Финальная сцена спектакля по форме напоминает политическое высказывание и символическую акцию. Незадолго до этого учителя, не желая заниматься проблемным поведением Вениамина, превращают во врага Елену Львовну, которая пытается противостоять Вене и ищет истоки его фанатизма. Директриса увольняет учительницу из школы за неподобающее поведение и слишком научные и либеральные взгляды, отражающиеся на ее преподавательских методах. Однако та наотрез отказывается уходить – в ответ она прибивает кроссовки к полу гвоздями и в отчаянии кричит: «Я отсюда никуда не уйду! Здесь я на своем месте!» В оригинальной пьесе фон Майенбурга учительница прибивает гвоздями не обувь, а ноги, таким образом добровольно принося себя в жертву во имя принципов. Финал, воплощенный Серебренниковым – заявление, хорошо понятное в российском политическом контексте. «Хотя вас и много больше, говорит учительница, но именно вы сумасшедшие, а не я, я тут – единственный здравый человек. И именно для того, чтобы здесь осталась крупица здравого смысла, я отсюда никуда и не уйду»,21 – такое описание подтекста дает Андрей Архангельский в своей рецензии на фильм.

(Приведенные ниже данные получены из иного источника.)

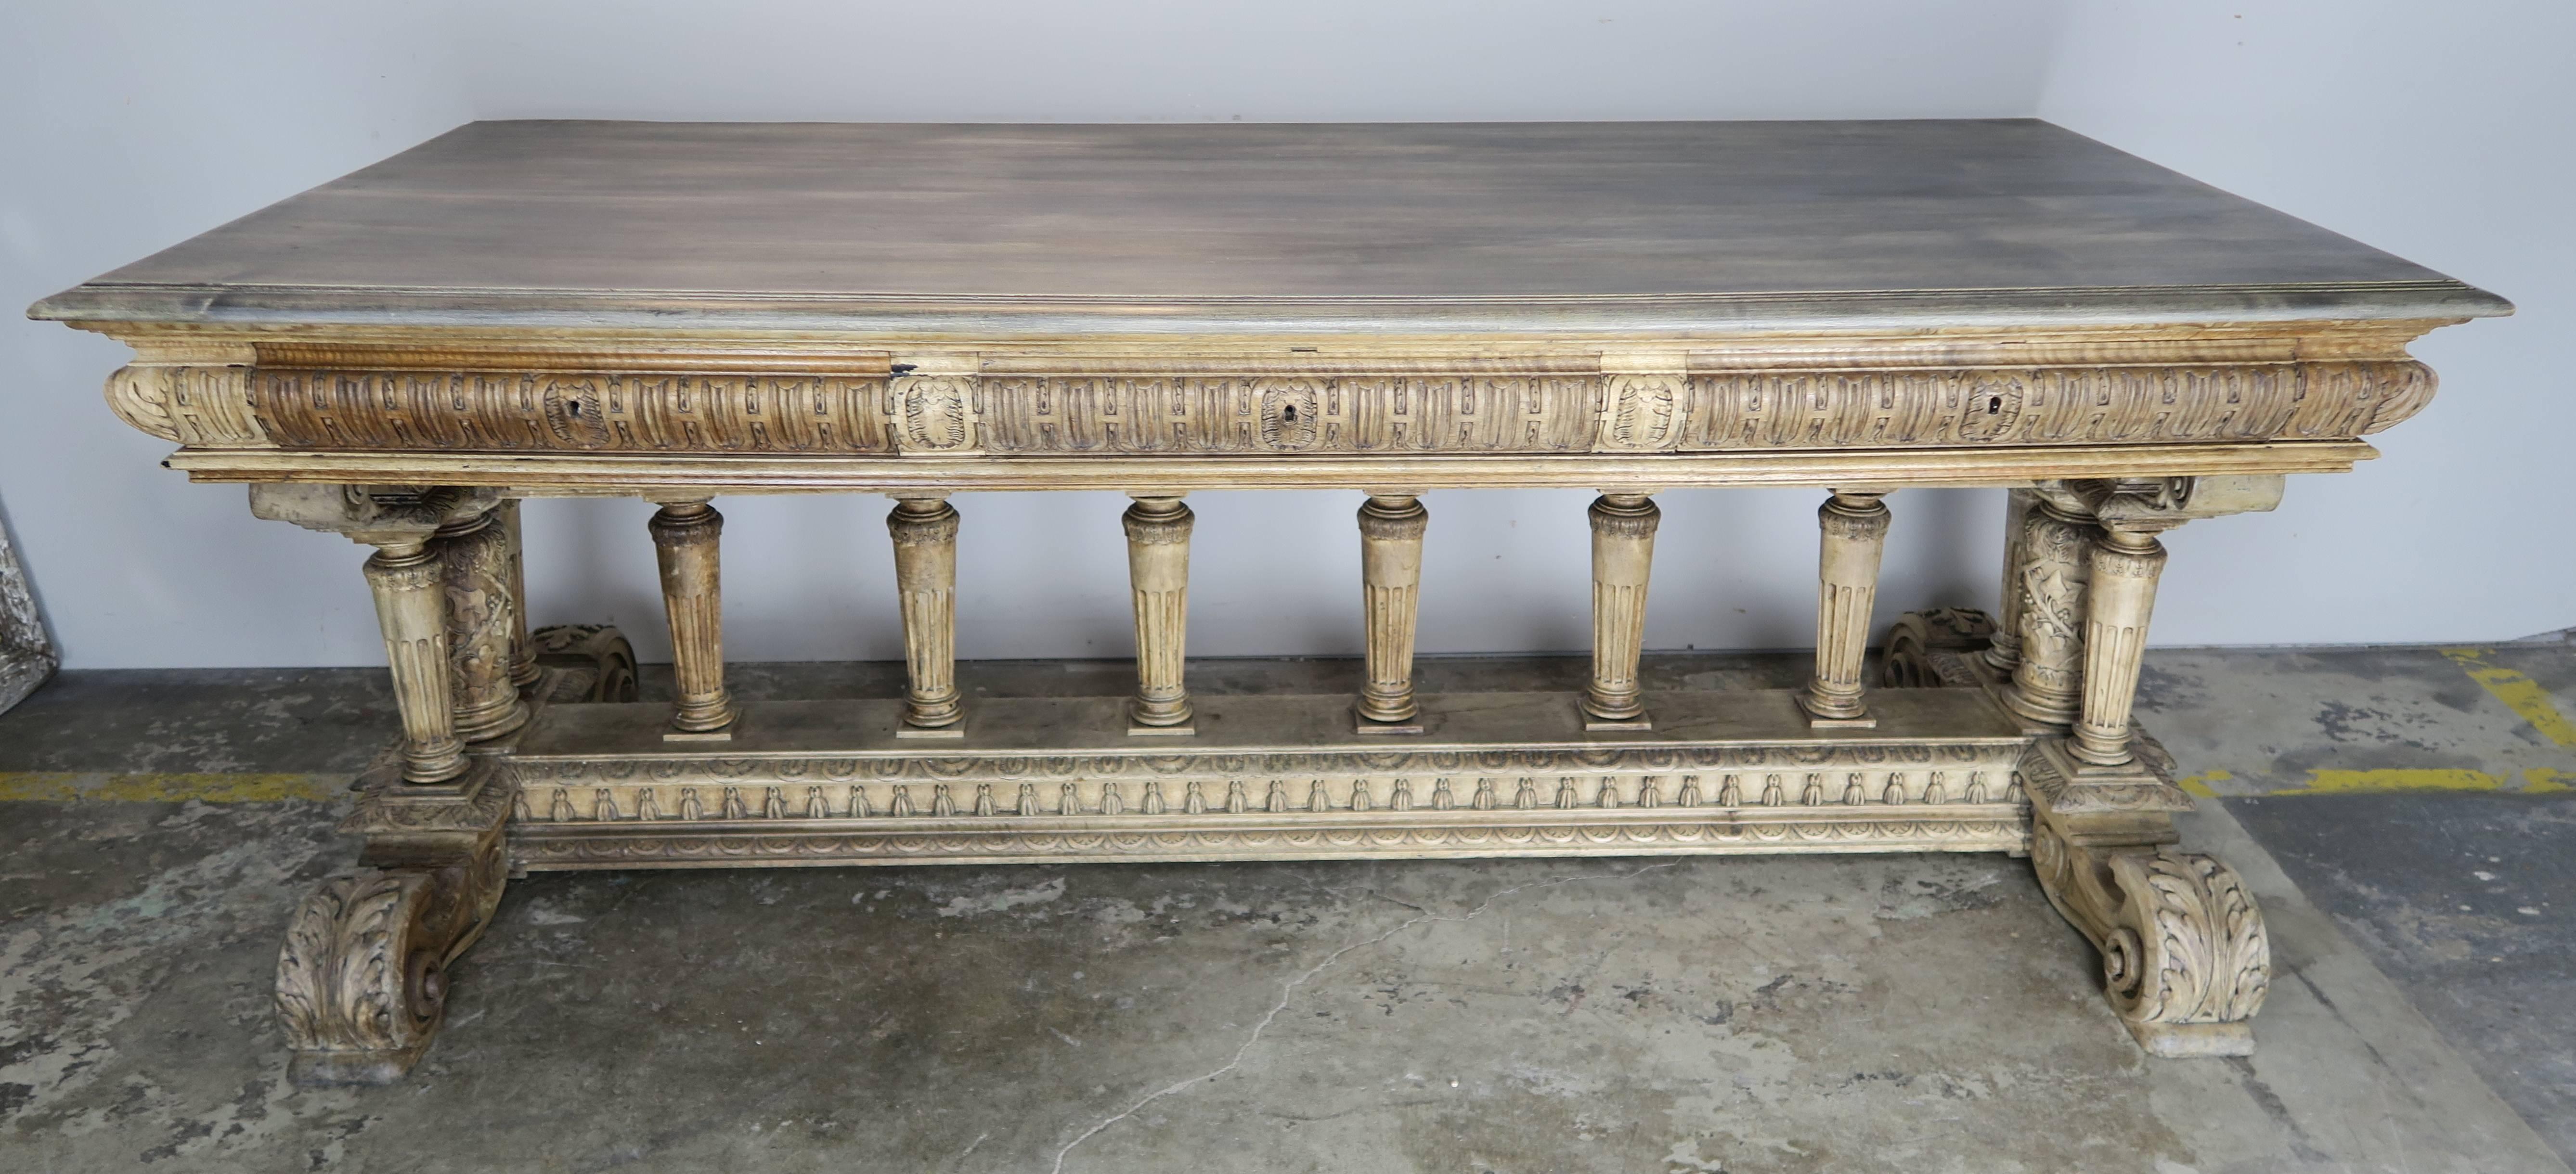 19th century ornately carved Italian Renaissance style table with three drawers.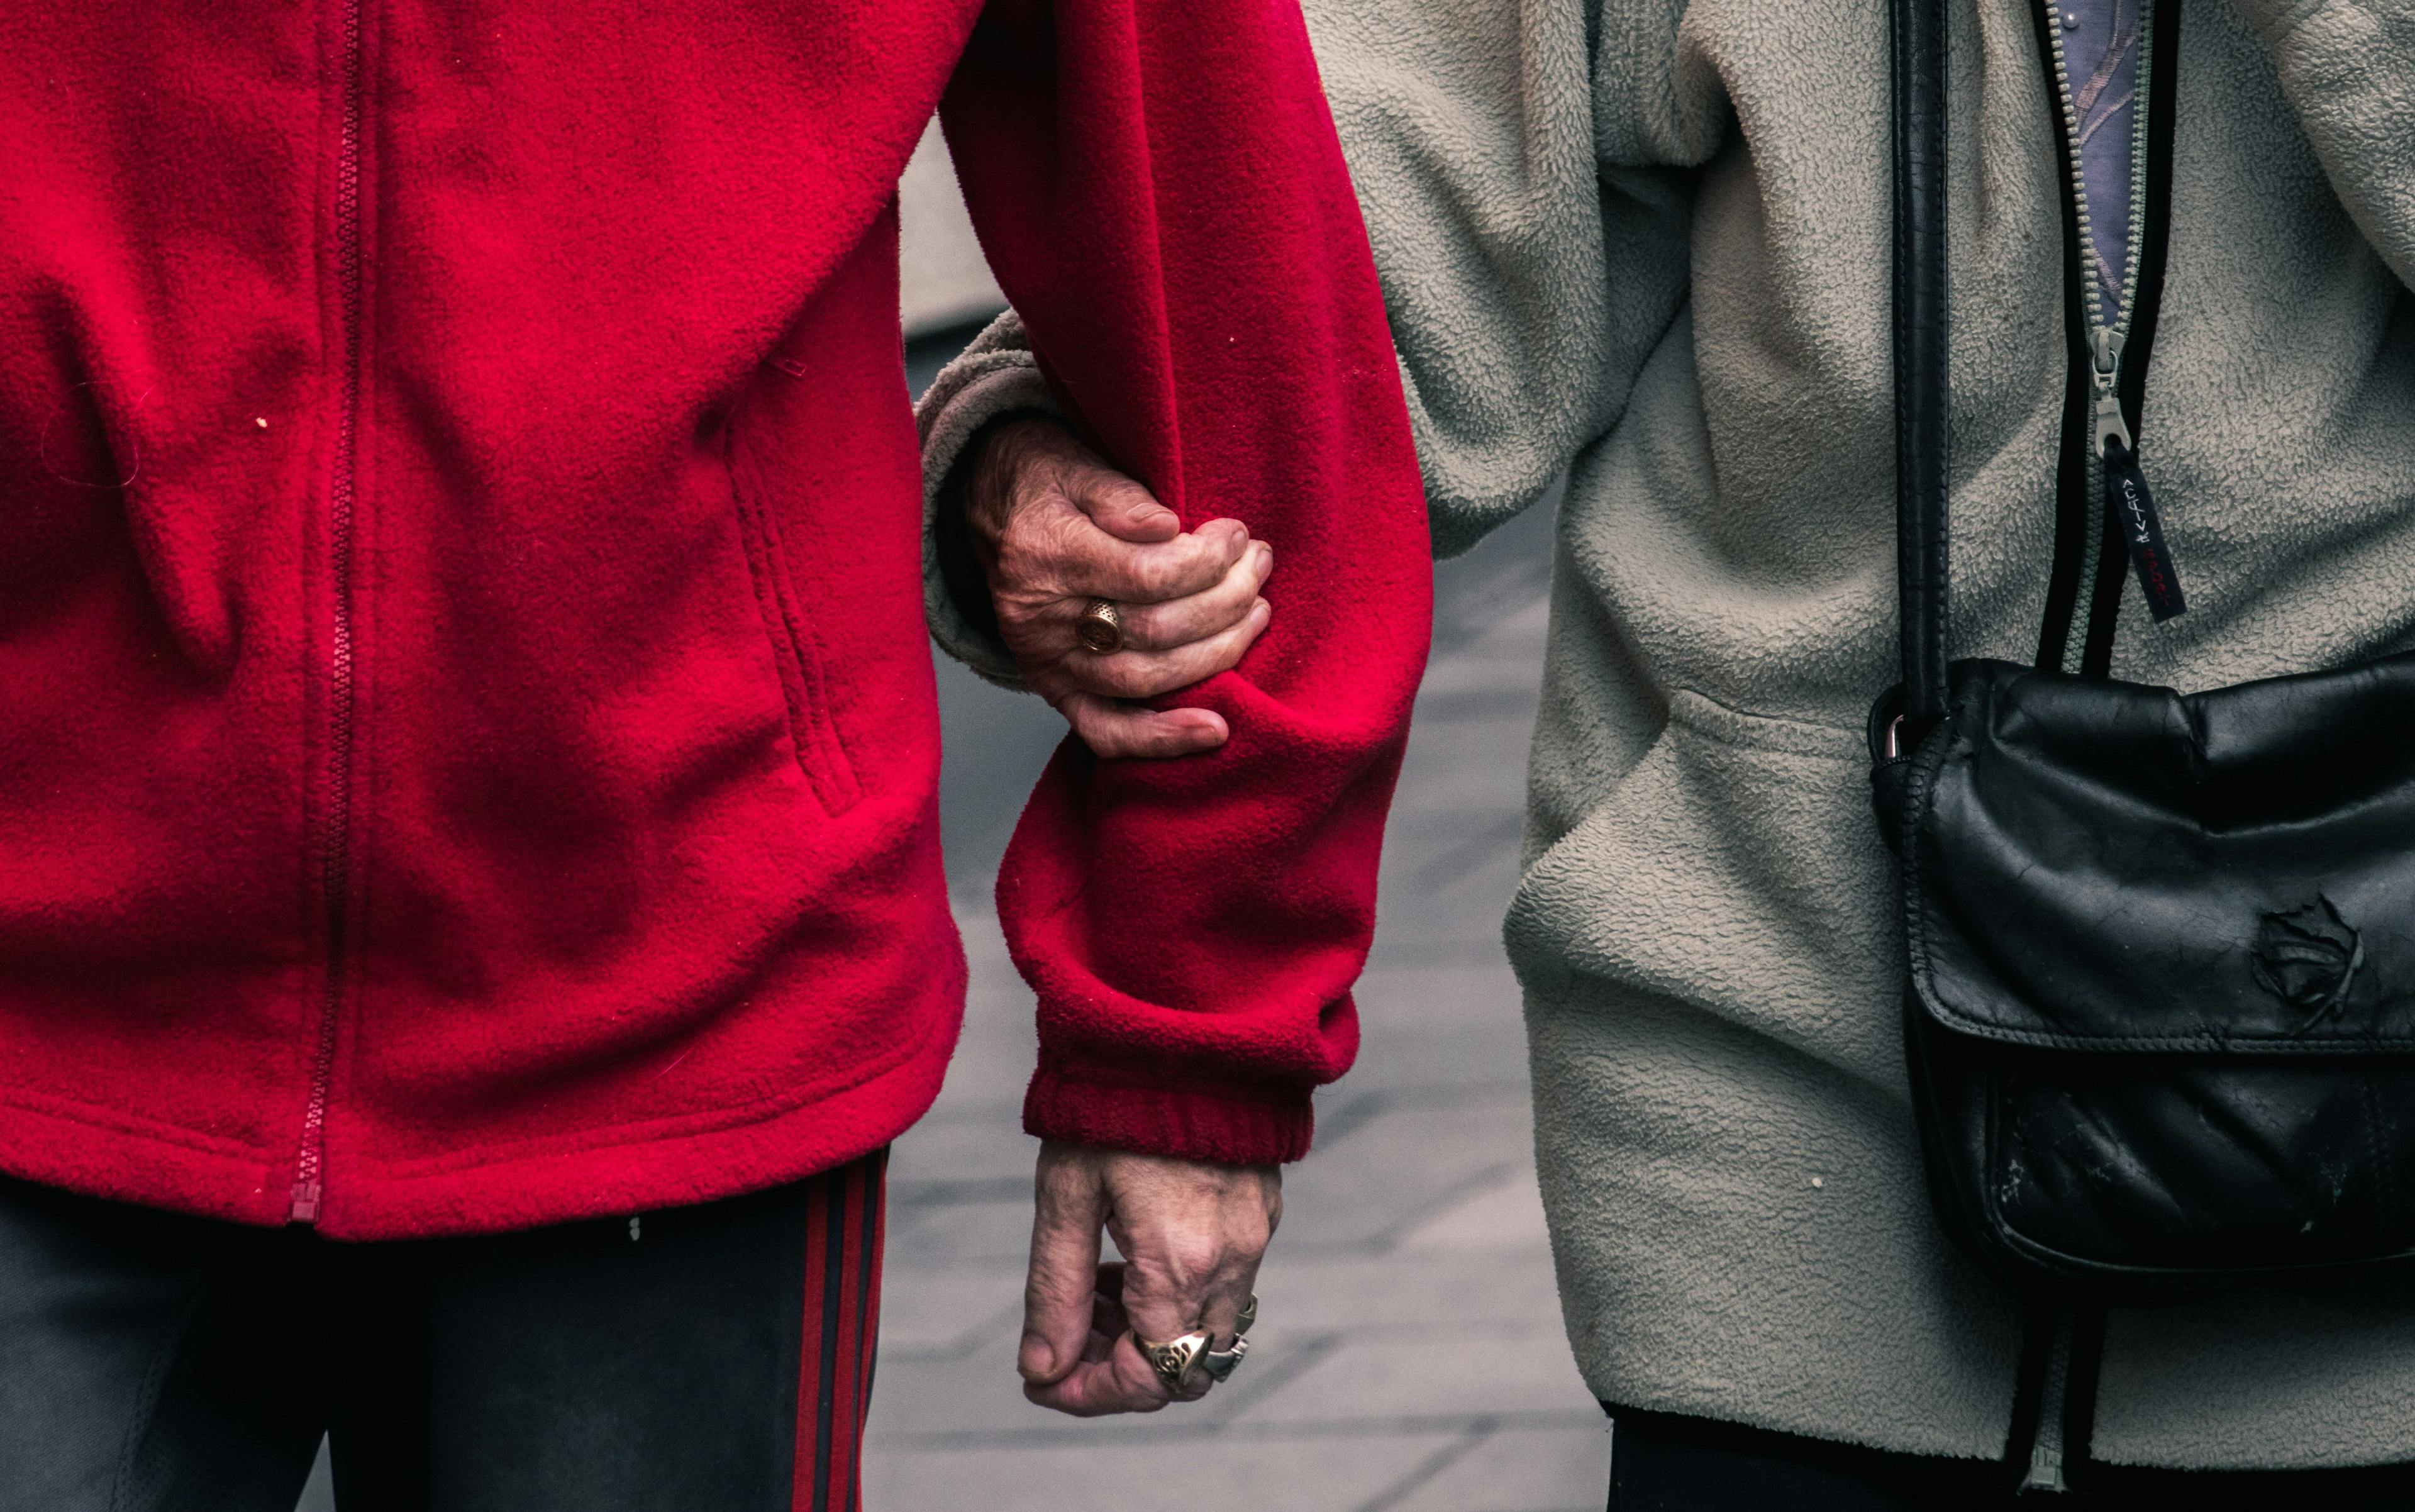 people holding hands

Кинематографическая адаптация « (М) ученика» – фильм «Ученик», вышедший спустя два года после премьеры спектакля, преданно следует за своим театральным источником. Фильм не только снят тем же режиссером по тому же сценарию, но и с практически неизменным актерским составом. Главное отличие – замена исполнителя главной роли Никиты Кукушкина на Петра Скворцова. Кукушкин, которому на тот момент было 25 лет, выглядел слишком взрослым для роли школьника – поэтому Серебренников, желающий сделать фильм более реалистичным, нежели спектакль, решил отдать главную роль более молодому актеру. Еще одно новшество – смена названия, объясняется не творческим замыслом, а, как ни странно, пожеланием съемочной группы – операторы устали каждый день читать на хлопушке мрачное слово «мученик».
Получившуюся картину Серебренникова часто называют слишком театральной, что нельзя назвать небезосновательным. Фильм снят длинными планами с большим количеством внутрикадрового монтажа. Герои говорят по-театральному выразительно, и периодически кажется, что они не ведут диалог, а произносят монологи. Несмотря на разнообразие локаций, как интерьерных, так и натурных, мир фильма кажется ограниченным, камерным и клаустрофобным. Тем не менее, по словам Серебренникова, спектакль и фильм очень отличаются, и историю пришлось заново пересобрать для того, чтобы перенести в кинематографический формат. Киноязык «Ученика» создает независимую художественную интерпретацию истории в новой форме.
Во-первых, это выражается в том, что фильм вводит разные точки зрения на происходящее и показывает зрителю части истории как минимум от лица трех героев. Открывающая сцена «Ученика» снята с перспективы мамы Вениамина Инги (Юлия Ауг) – она заходит в квартиру и «допрашивает» сына, почему тот уже несколько недель не ходит на плавание в школе. Хотя Веня на протяжении большей части сцены принимает участие в диалоге, камера не спешит показать его, а когда наконец-то делает это, мальчик находится на заднем плане в расфокусе, всегда позади матери. Этот прием передает нежелание Инги понять и услышать сына. Далее происходит смена точки зрения – главным героем становится Веня. В одной из первых сцен он падает в бассейн, и на несколько мгновений камера становится субъективной – герой всплывает со дна бассейна и видит, как над водой возвышается учитель физкультуры. А некоторые сцены в фильме показаны от лица Лиды, одноклассницы и любовного интереса Вени. Девушка часто снимает на телефон выходки юноши – эти видео время от времени заменяют собой основные кадры, создавая эффект отчуждения и взгляда со стороны.